The panino con verdure grigliate works only because the vegetables are grilled before they ever meet the bread, and that is the rule the whole sandwich turns on. Raw courgette, aubergine, and peppers weep water into a crumb and collapse into a damp salad in the hand; the same vegetables taken over a flame have had their moisture driven off and replaced with char, so they behave like a developed filling instead of a heap of slices. Char, not water, is the operative distinction. The grill concentrates what the vegetables have and adds a smoky edge they cannot get any other way, and that is what makes them substantial enough to be the body of a sandwich rather than a garnish in one.

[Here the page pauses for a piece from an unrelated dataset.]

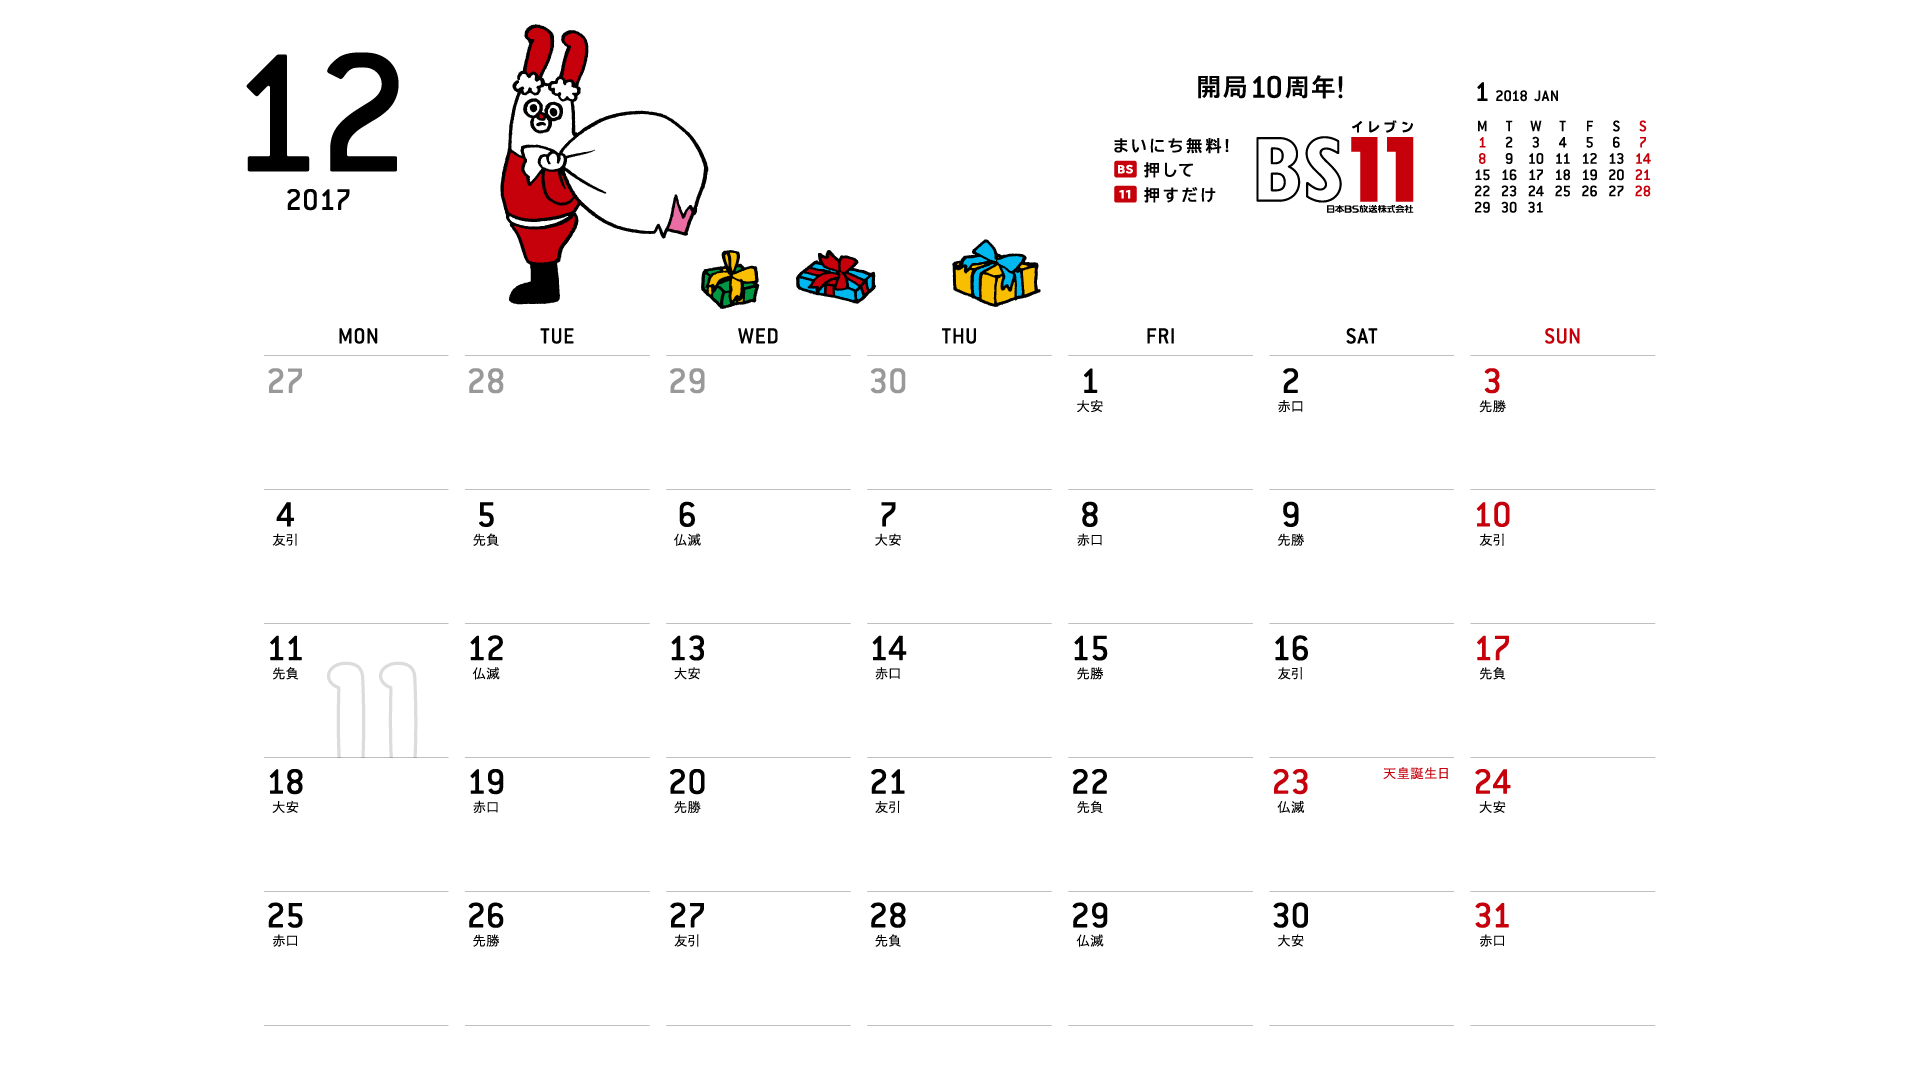 じゅういっちゃんのデジタルカレンダー17年12月 Bs11 イレブン いつでも無料放送

The craft is in the grilling and the dressing, and almost none of it happens at assembly. The vegetables are sliced lengthways, salted to pull out water, and grilled hard enough to take real colour and a bittersweet smoky edge, then drained so they season the bread rather than flood it. They are dressed warm with olive oil and a little vinegar or lemon, often with garlic and torn basil, the acid keeping the oil from sitting heavy and the salt from going flat. Because the vegetables carry no fat or salt of their own beyond what is added, the seasoning has to be deliberate and generous. A spread of pesto or a soft cheese is the usual binder, waterproofing the crumb and giving the loose filling something to hold to where a meat would. It is good at room temperature and often better an hour after building than a minute, the marinade settling into the bread rather than soaking it.
The variations are about which vegetable leads and what binds them: the aubergine-forward build, the pepper-weighted one, the version with a creamy stracchino or mozzarella spread through it, the one finished with rocket for a peppery top note. Each is a different cooked vegetable on the same bread, and each deserves its own article rather than being crowded in here.